E-Bike-Besitz: Jeder Vierte in Sachsen-Anhalt nutzt Elektrorad
Veröffentlicht am: 01.09.2026 um 11:21 Uhr | Redaktion boerse-global.de
Die Verbreitung von Elektrofahrrädern hat in den vergangenen Jahren deutlich zugenommen und prägt zunehmend das Mobilitätsverhalten in Deutschland. Eine repräsentative Umfrage des Markt- und Meinungsforschungsunternehmens Civey, die im Zeitraum vom 8. bis zum 23. Juli 2026 im Auftrag des Energieunternehmens Eon durchgeführt wurde, liefert detaillierte Einblicke in die Besitzverhältnisse und Nutzungsmuster.
Während Sachsen-Anhalt im bundesweiten Vergleich einen Platz im Mittelfeld einnimmt, zeigen sich innerhalb des Bundeslandes erhebliche Unterschiede zwischen ländlichen Regionen und den urbanen Zentren.
Regionale Disparitäten innerhalb Sachsen-Anhalts
In Sachsen-Anhalt verfügen laut der Erhebung rund 27,7 % der Einwohner über ein E-Bike. Damit belegt das Land im Vergleich der Bundesländer den zehnten Rang.
Ein Blick auf die regionale Verteilung verdeutlicht jedoch, dass die Akzeptanz der elektrifizierten Zweiräder insbesondere im ländlichen Raum hoch ist. Der Landkreis Börde führt die Statistik mit einer Besitzquote von 33,6 % an, gefolgt vom Altmarkkreis Salzwedel mit 31,5 % und dem Saalekreis mit 31,1 %.
Im Gegensatz dazu weisen die beiden größten Städte des Landes die geringsten Quoten auf. In der Landeshauptstadt Magdeburg besitzen lediglich 21,3 % der Menschen ein E-Bike, in Halle (Saale) sind es 21,1 %. Diese Differenz zwischen Stadt und Land spiegelt sich auch in anderen Teilen Deutschlands wider und deutet darauf hin, dass E-Bikes im ländlichen Raum oft als notwendiges Transportmittel für längere Distanzen fungieren.

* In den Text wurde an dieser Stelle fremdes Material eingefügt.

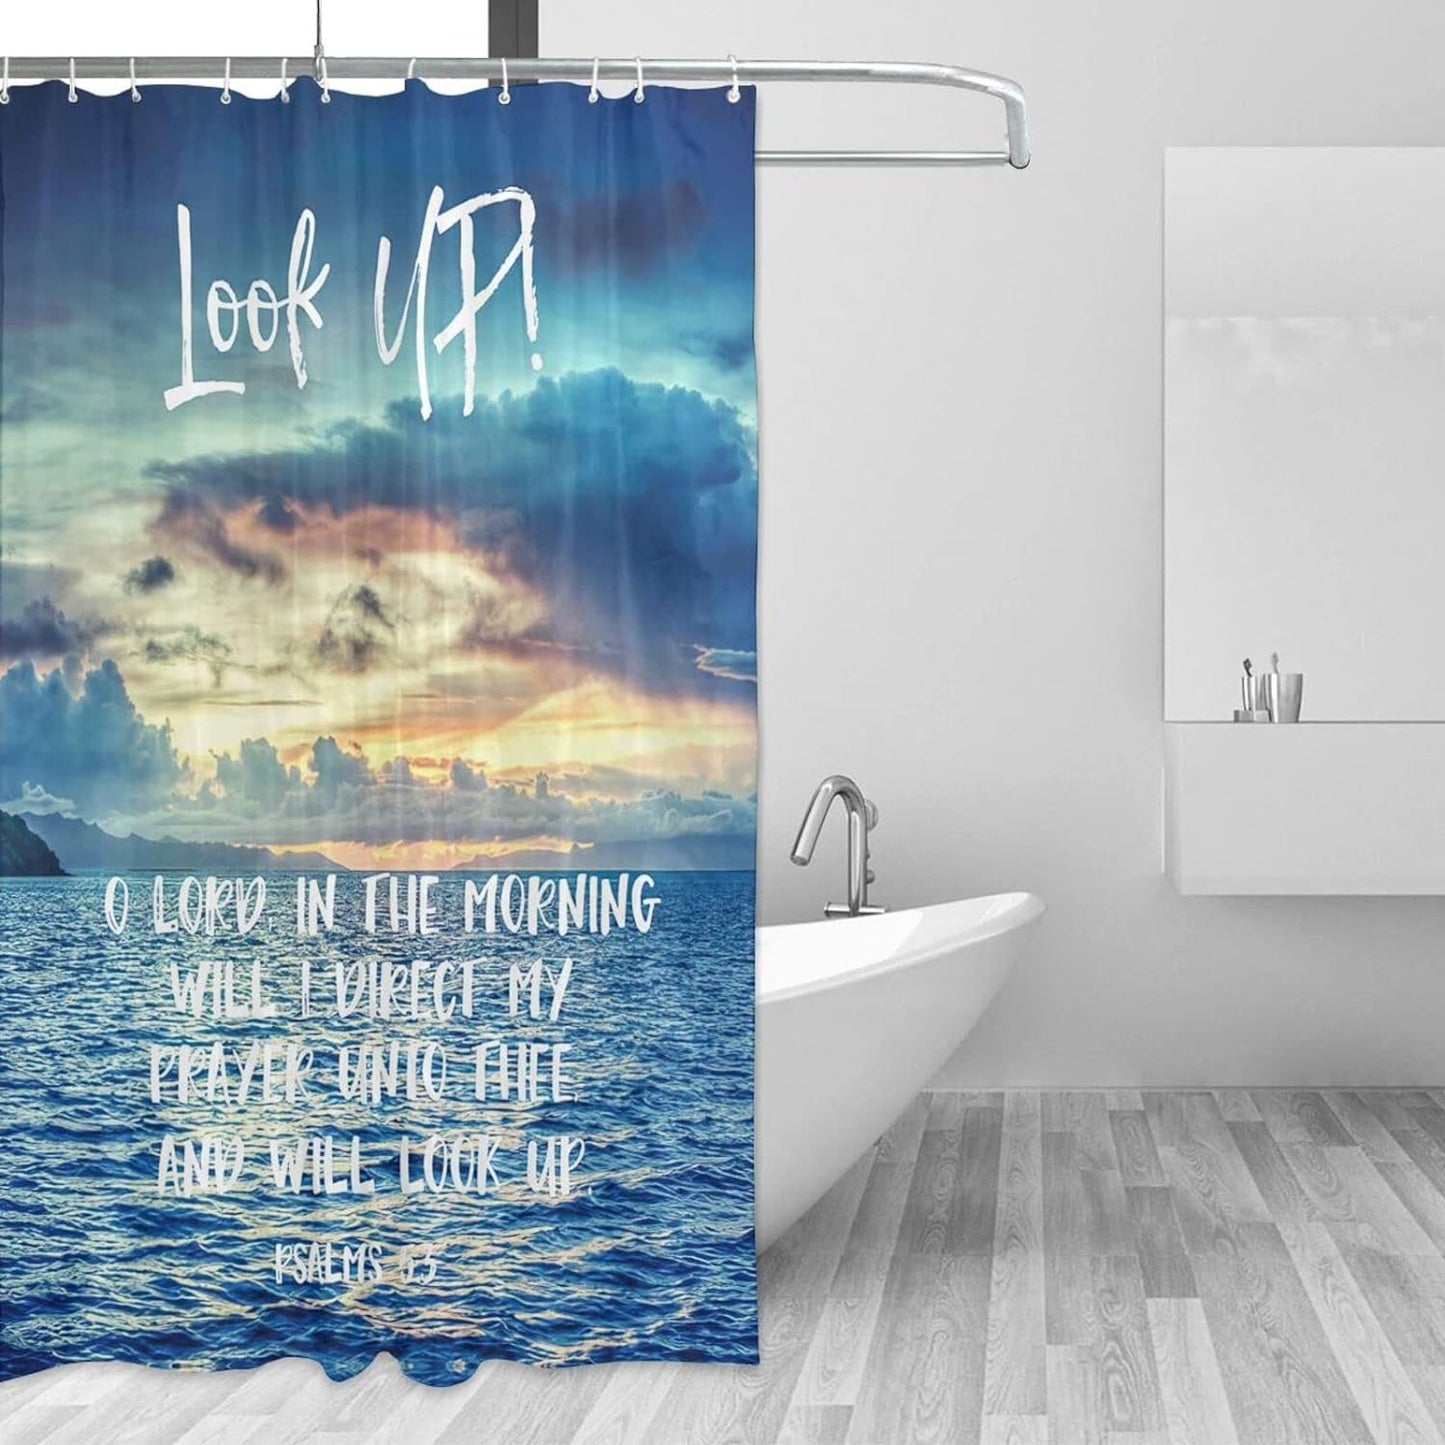 Bible Verse Quotes Shower Curtain Christian Scripture Quotes Bathroom Shower Curtains Sea Ocean Shower Curtain Polyester Fabric Waterproof 12 Pack Plastic Hooks 60x72inch claimedbygoddesigns
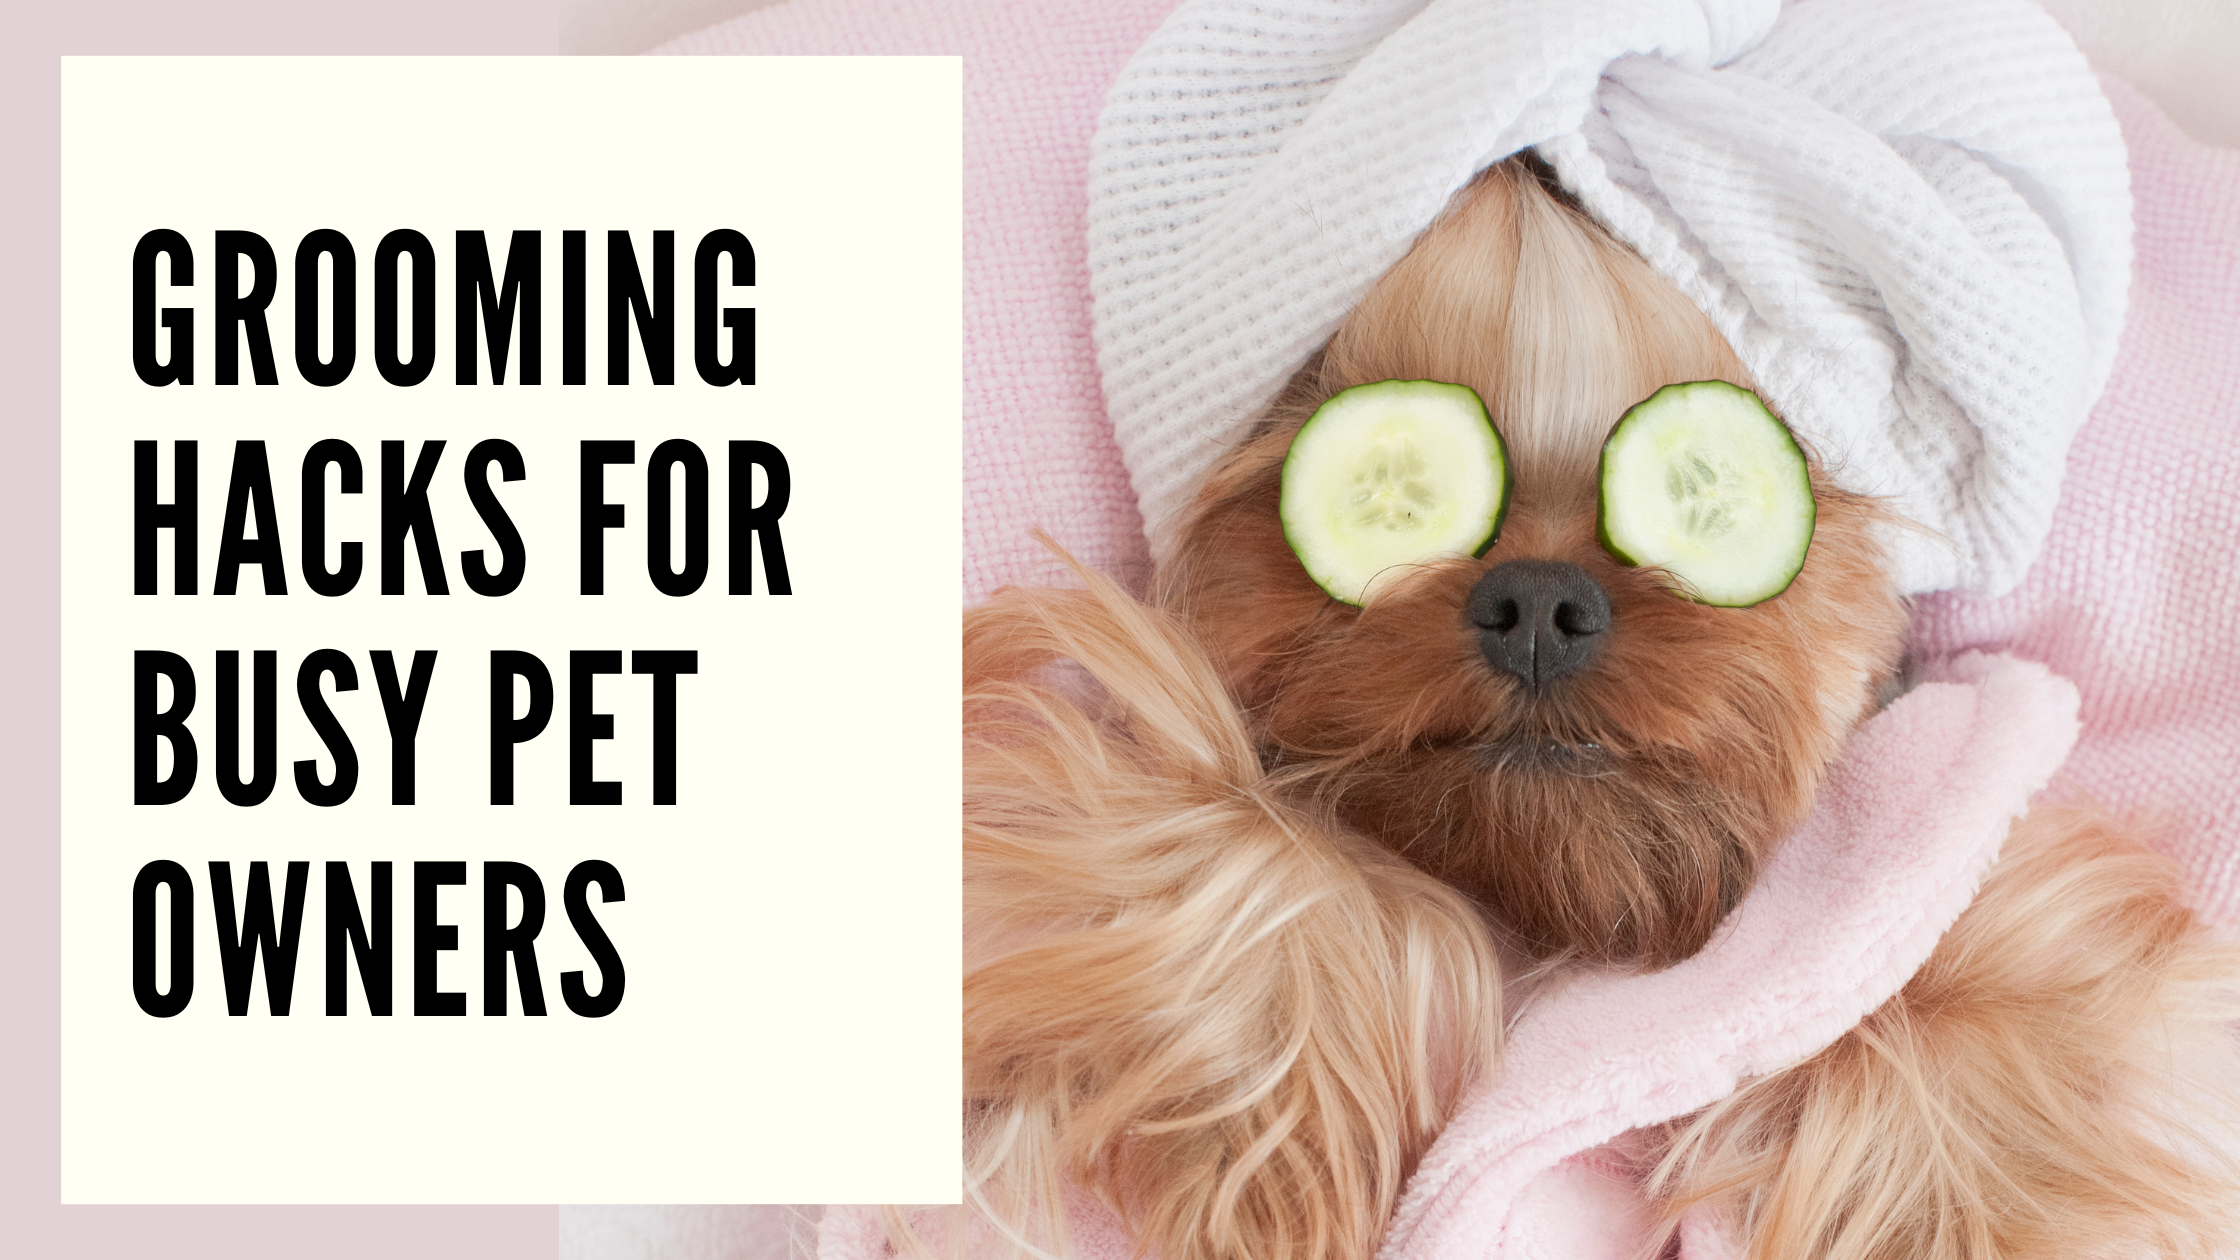 Grooming Hacks for Busy Pet Owners

Bundesweiter Trend und demografische Entwicklung
Der Trend zum E-Bike ist ein deutschlandweites Phänomen. Bundesweit liegt der Anteil der E-Bike-Besitzer bei 31,4 %. Damit hat sich die Quote seit dem Jahr 2020, als sie noch bei 15,2 % lag, mehr als verdoppelt.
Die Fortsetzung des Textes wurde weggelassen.